U.S. Marshals have secured an Interpol “red notice” for Qinxuan Pan, a Massachusetts Institute of Technology researcher and the primary suspect in the murder of Yale University graduate student Kevin Jiang, two months after he was gunned down in New Haven, Connecticut.
The “red notice” serves as a “provisional warrant” for fugitives wanted worldwide, Matthew Duffy, the supervisory deputy and public information officer for the District of Connecticut Violent Fugitive Task Force, told Fox News on Tuesday when reached by phone.
Interpol, an international crime organization with 194 member countries, would then post notices in different languages “anywhere where there’s an extradition treaty or we have a port,” Duffy said.
He could not disclose whether investigators are certain 29-year-old Pan left the U.S. or where he might be headed at this time. When asked if Pan, who was born in Shanghai, could have fled to China, Duffy said his understanding is that “we don’t have great relations with China,” but Interpol and the State Department would help facilitate Pan’s extradition if it is determined that’s where he is now located.
“The U.S. Marshals and the New Haven Police Department are still working very diligently on this case to apprehend Qinxuan,” Duffy said. “I can tell you we are working very diligently, around the clock on this.”
Tuesday marks the two-month anniversary since Jiang, a 26-year-old graduate student at the Yale School of the Environment, was found dead, suffering from multiple gunshot wounds lying outside his vehicle at Lawrence and Nicholl streets in New Haven on the evening of Feb. 6.
Jiang reportedly spent the day with his fiancée, Zion Perry, another Yale graduate student whom he had proposed to just a week earlier.
Perry, previously an undergraduate at MIT, was photographed speaking with Pan at a university swing dance in March 2020, but authorities have not disclosed any other connection.
U.S. Marshals launched a “nationwide manhunt” for Pan on March 1. He was last seen in the early morning hours on Feb. 11 driving with family members in Brookhaven or Duluth, Georgia.
Pan, described by authorities as a 6-foot Asian male weighing 170 pounds, had been named a person of interest wanted for questioning in the case for weeks until the New Haven Police Department secured an arrest warrant on Feb. 27 charging him with Jiang’s murder.

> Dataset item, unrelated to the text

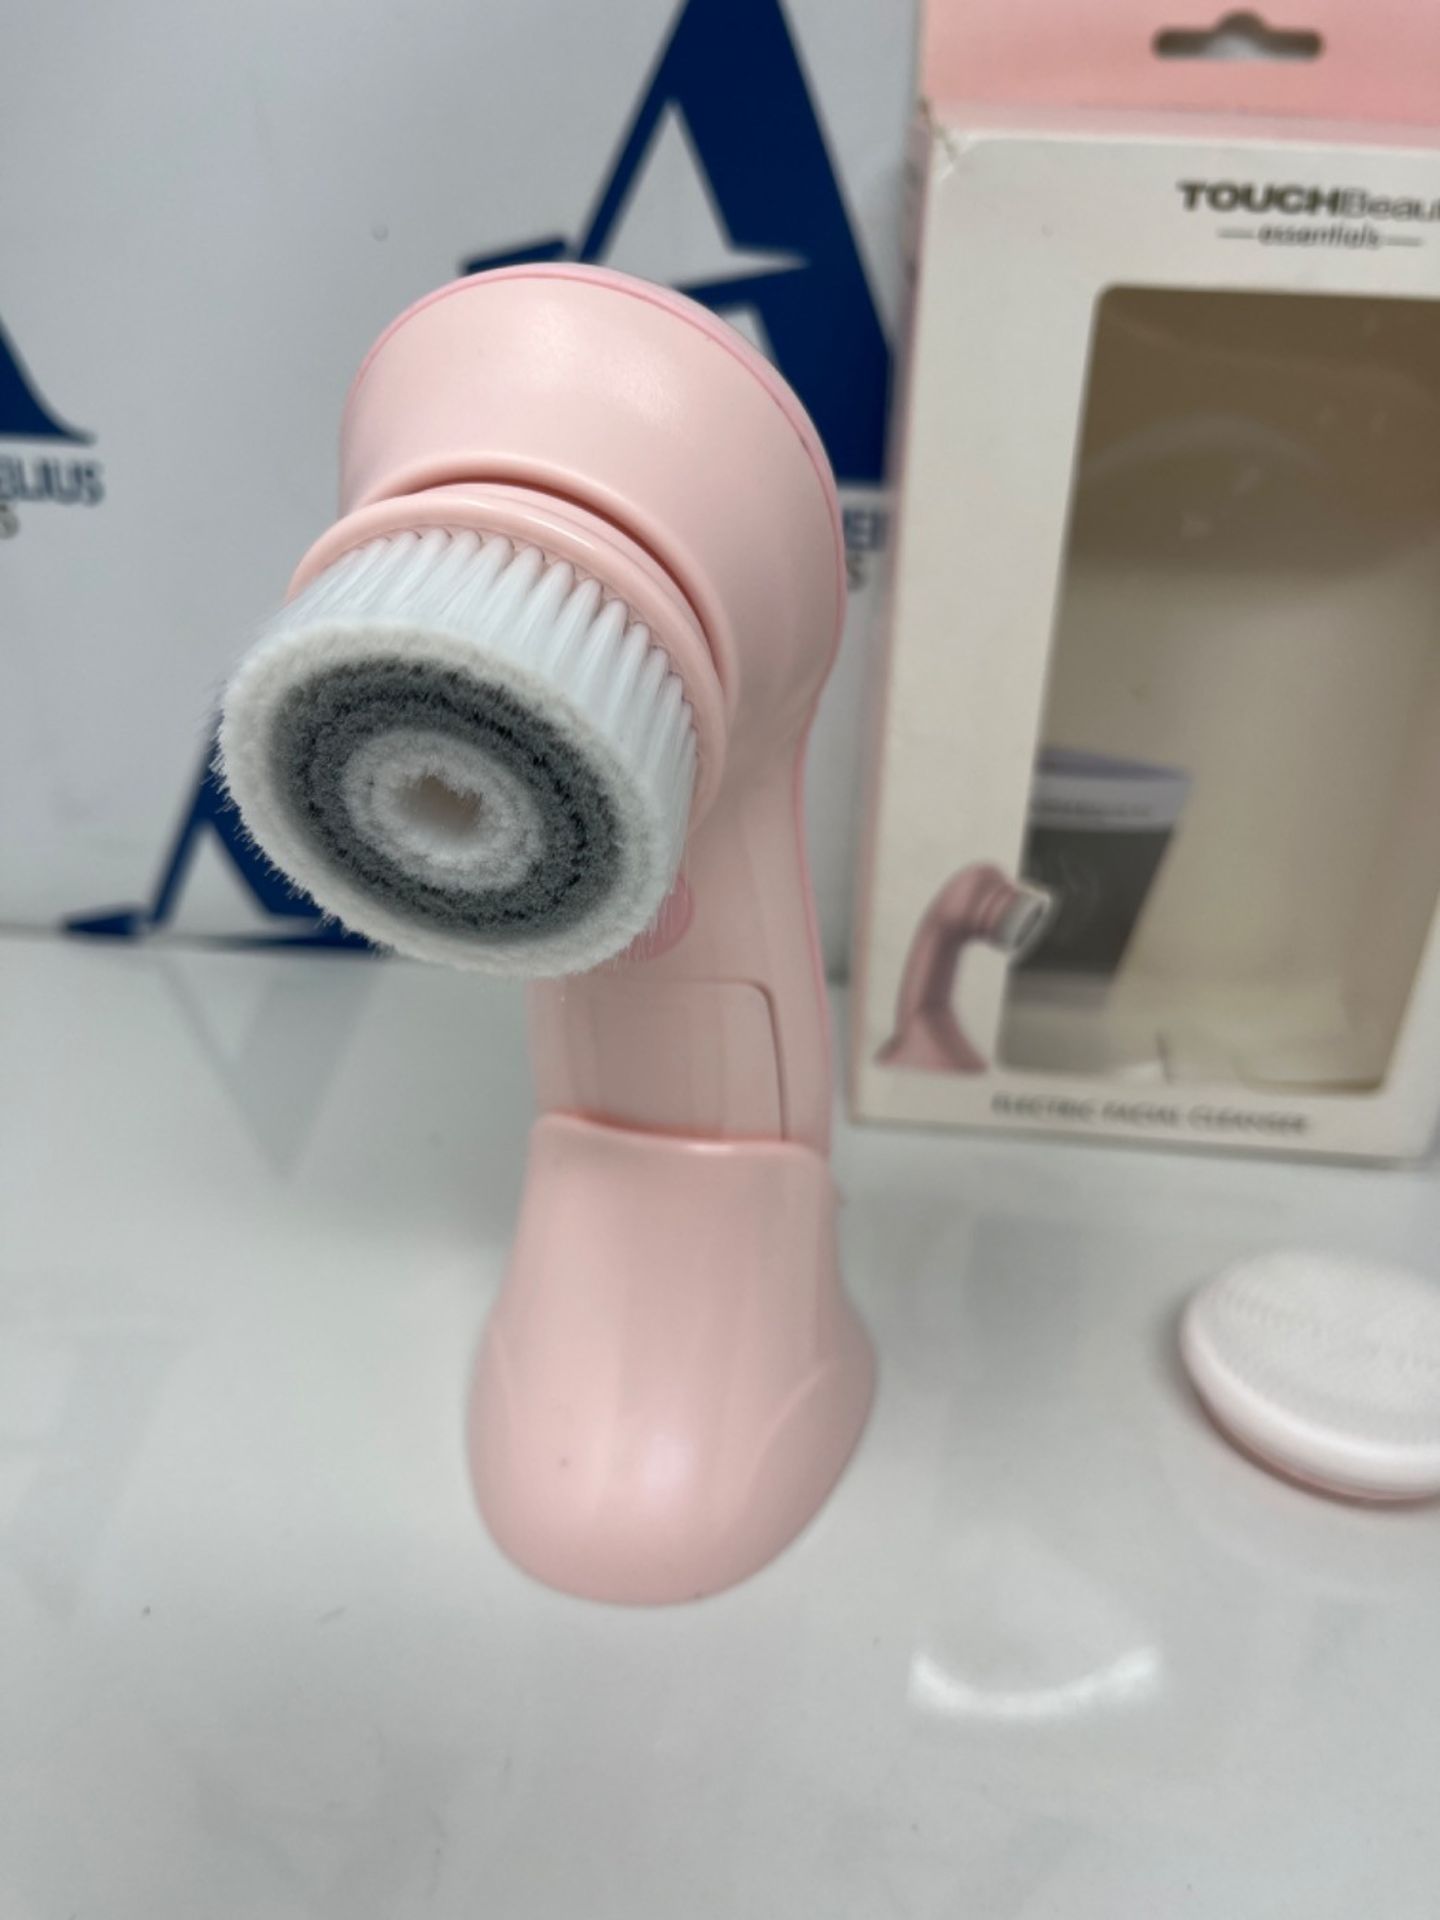 TOUCHBeauty Facial Cleansing Brush with Stand, Waterproof Spin Face Brush with 2 Modes - Image 2 of 2

He is also wanted for grand second-degree larceny, according to the Interpol’s red notice, and Massachusetts court documents previously obtained by Fox News showed Pan allegedly stole a vehicle from a car dealership the day Jiang was murdered, taking it for a test drive but instead crossing state lines.
Unaware of Pan’s connection to Jiang’s shooting, police in North Haven had an interaction with Pan on the evening of Feb. 6 after the vehicle he was driving became stuck on train tracks and needed to be towed. Officers questioned Pan and left.
Last month, police in Malden, Massachusetts, as well as firefighters, Massachusetts state police and an ambulance service, conducted a well-being check on Pan’s last known residence for the homeowners who had not been seen lately, mail accumulated and their vehicle had not been moved for an extended period of time. A search of the premises found no people inside the residence, police said on Facebook.
Jiang was a veteran of the U.S. Army and a National Guard reservist at the time of his death. A devout Christian, he also regularly volunteered at Trinity Baptist Church in New Haven with his mother. Jiang grew up in Chicago and later attended the University of Washington in Seattle, completing his undergraduate education in 2016.
Perry was among those presented with Jiang’s colors during a ceremony honoring his military service before he was laid to rest at the State Veterans Cemetery in Middletown, Connecticut. She has not been named as a person of interest or been charged with a crime. She could not be reached by Fox News on Tuesday before the publication of this story.
U.S. Marshals are offering a reward of up to $10,000 for information leading to the direct location and arrest of Pan. Anyone with information about his whereabouts should contact the U.S. Marshals at 1-877-Wanted-2 (1-877-926-8332).
Tips can also be submitted via the USMS Tips app or online at www.usmarshals.gov/tips and any information shared will be considered confidential, U.S. Marshals said. Pan should be considered armed and dangerous and individuals should not attempt to apprehend him themselves.